Diese Position könnte dazu führen, die unermesslichen Aufwendungen für eine nicht beweisbar mögliche oder gar nötige ‚Klimarettung’ nicht einer Schimäre zu opfern, sondern besser in die – allerdings mit höherem Aufwand als bisher – machbare und erkennbar notwendige Vorsorge gegen Unwetterschäden zu lenken.

Im Einzelnen: 

 

  1. Niemand leugnet heute, daß sich Klima (definiert als die Summe der Wetterereignisse über 30 Jahre) ständig ändert – wie seit Jahr-Millionen.

  2. Daß das von uns Nutznießern des ‚fossilen Zeitalters’ seit bald 200 Jahren in die Biosphäre entlassenen CO2-Gas (als ein ‚Klimagas’ unter anderen) so ausschlaggebend die Wetterentwicklung und damit das Klima bestimmt, und daß daher das Klima nennenswert zu beeinflussen oder gar zu ‚retten’ sei, muß aber mit Nachdruck bezweifelt werden. Die vom IPCC (Intergouvernemental Panel of Climate Change) mit politischen Absichten in die Welt gesetzten ‚Modellrechnungen’ sind grundsätzlich nicht beweisbar, müssen vielmehr aus Sicht des gesicherten meteorologischen Wissens aus der Vergangenheit als Panikmache gewertet werden.

  3. Daß dieser Panikmache ‚alle Welt’ folgt, muß allerdings zunächst ein geheimnisvolles Rätsel bleiben.

  4. Nicht in der fernen Zukunft liegen die lokalen Wetterausschläge auch bei uns – an Mulde, Elbe, Erft oder Duisburg (Tornado) und so weiter – von Kyrill oder Friederike (Orkane) ganz zu schweigen. Sie finden jetzt statt. Hier handfest tätig zu werden – und nicht nur jeweils beim Aufräumen –, ist eigentlich das Gebot der Stunde, dem auch die politisch Verantwortlichen folgen sollten.
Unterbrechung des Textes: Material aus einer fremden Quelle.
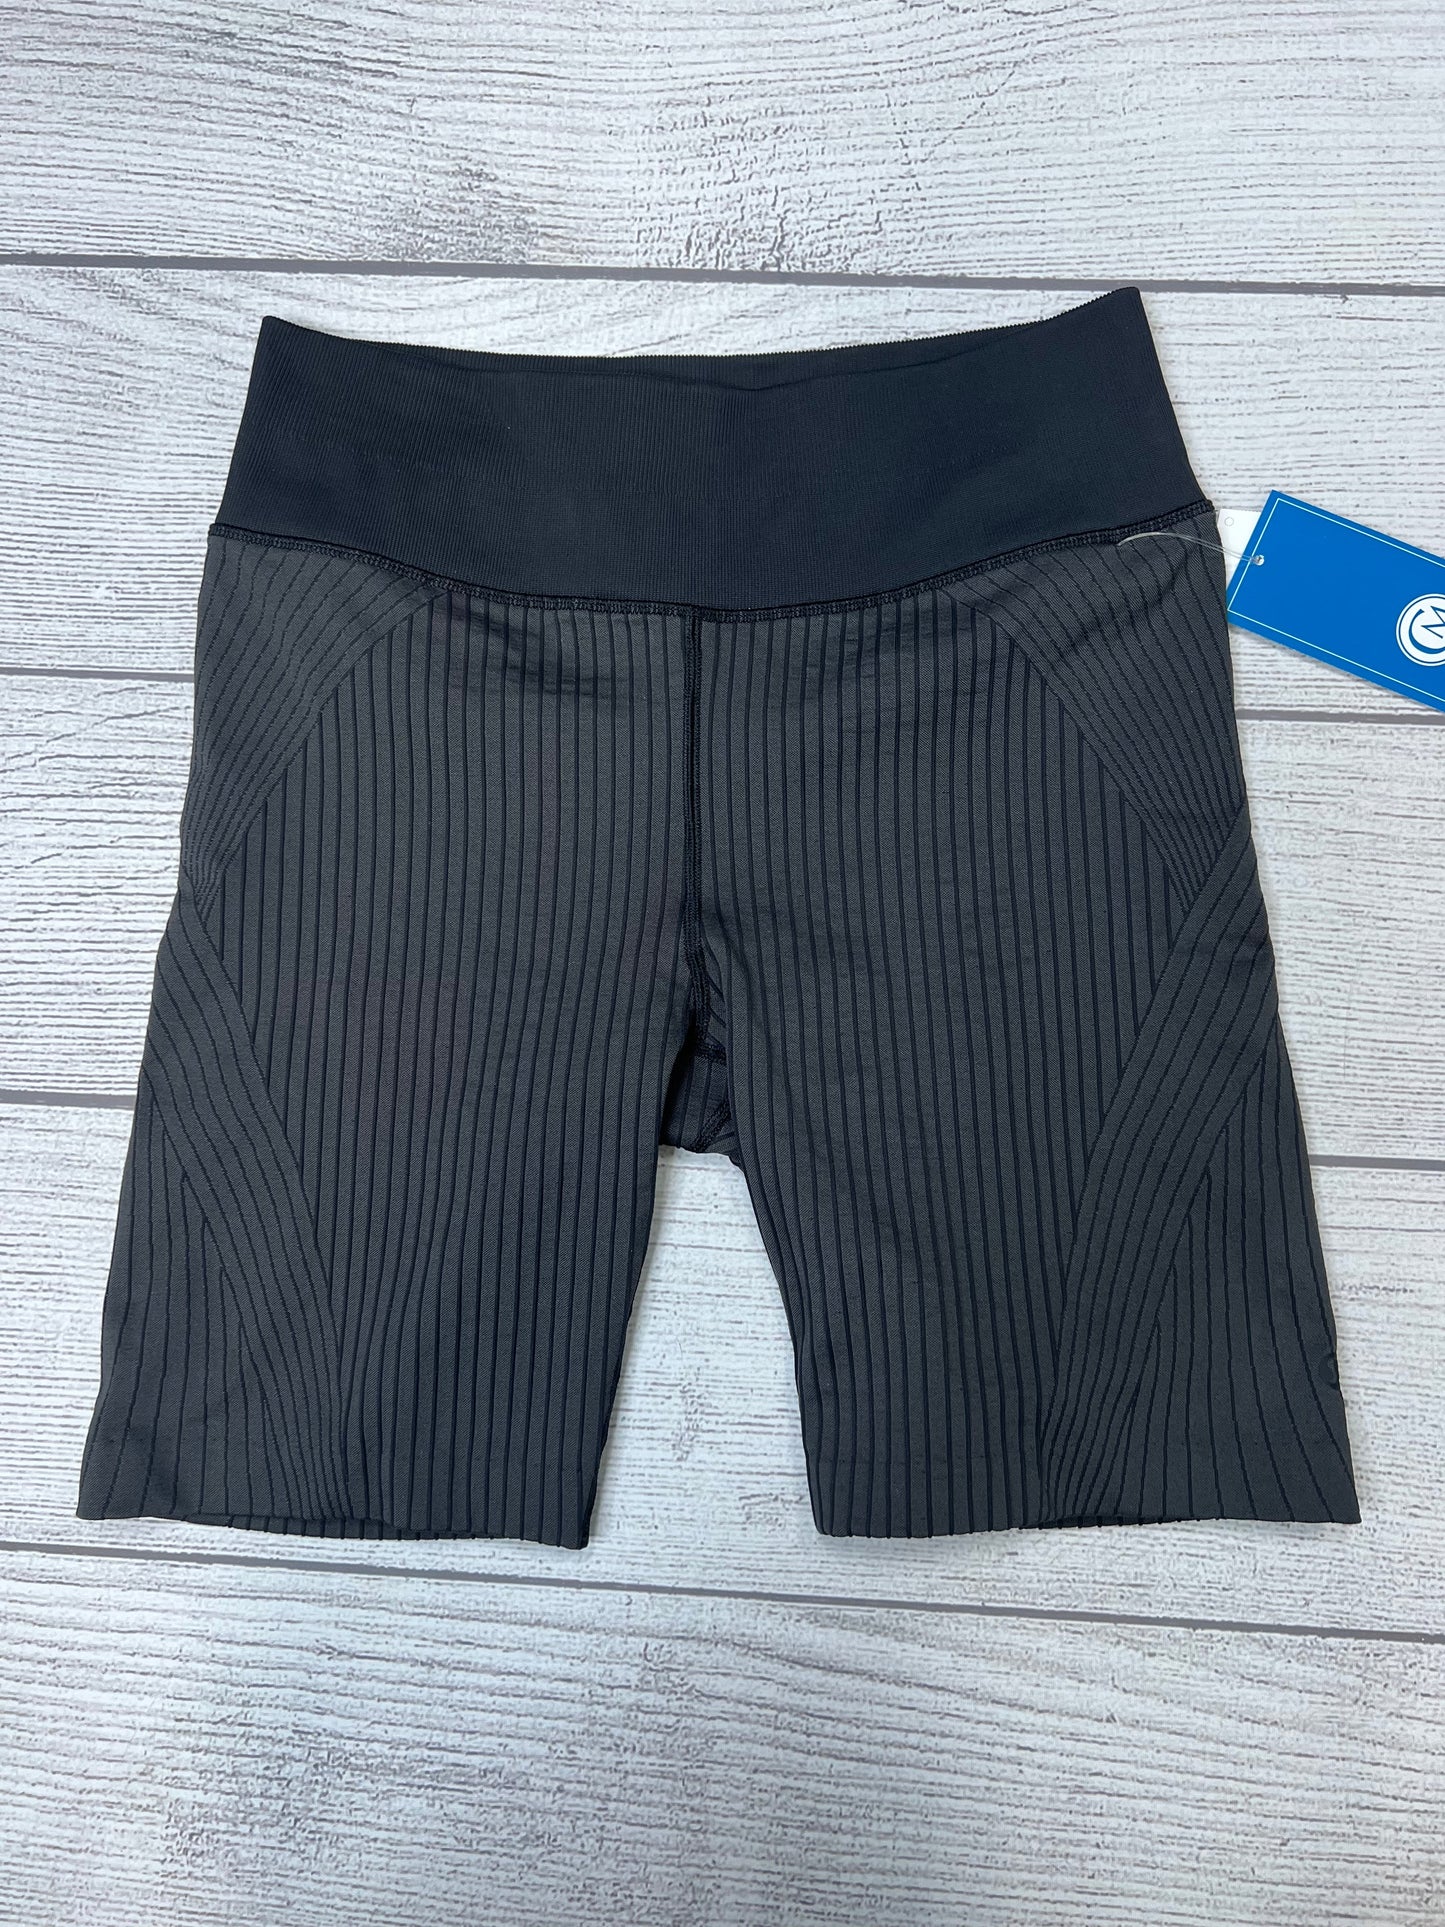 Grey Athletic Shorts Lululemon, Size M

Das kurzzeitig lokal gewaltige Ausmaß der aktuellen Überforderung bisheriger Hochwasserschutzmaßnahmen zeigt, daß deutlich höherer Einsatz für die entsprechende Daseinsvorsorge nötig ist.

  5. Schon das Hochwasser 2002 in Sachsen, aber auch jedes Rhein-Hochwasser führte jeweils kurzzeitig zu Diskussionen über den notwendigen Umgang mit unseren natürlichen Gewässern, zur vernachlässigten Ausweisung von Überflutungszonen in Flußauen, zur Vermeidung von Wohnbebauung an Flussufern …

  6. Der Umgang mit den ‚künstlichen Gewässern’ in Städten und Gemeinden, mit der Kanalisation, gehörte in den vergangenen Jahrzehnten wohl vielerorts auch zu den leichtfertig vernachlässigten Infrastrukturaufgaben. Auch sie sind heute an gestiegene (Ausnahme-) Belastungen anzupassen.

  7. Hier die begrenzt vorhandene Wirtschaftskraft einzusetzen und nicht für das ferne Wolkenkuckucksheim einer ‚Klimarettung’, muß die Forderung der jetzt Lebenden sein.

  8. Selbst wenn viele der jetzt hier Lebenden an das dräuende ‚CO2-Unheil’ glauben, sollten sie sich klar machen, daß selbst totale augenblickliche Vermeidung der deutschen und europäischen CO2-Emissionen von 2 bzw. 10 % Weltanteil den Anteil des Rests der Welt aus China, Indien, den USA nicht spürbar beeinflussen kann. Der ihnen so  als unbeweisbar ‚erklärte’ Klimawandel käme ja vom Rest der Welt so und so. Seine Auswirkungen aber könnten durch rationalen Einsatz der nur einmal verfügbaren Mittel – zumindest – gemildert werden.

  9. Wäre es nicht wunderbar, wenn Bundespräsident und Ministerpräsident und alle anderen CO2-Gläubigen in einem Moment der Erkenntnis umsteuern könnten. Wenigstens die bei künftigen extremen Wetterereignissen vermeidbaren Opfer könnten es ihnen danken.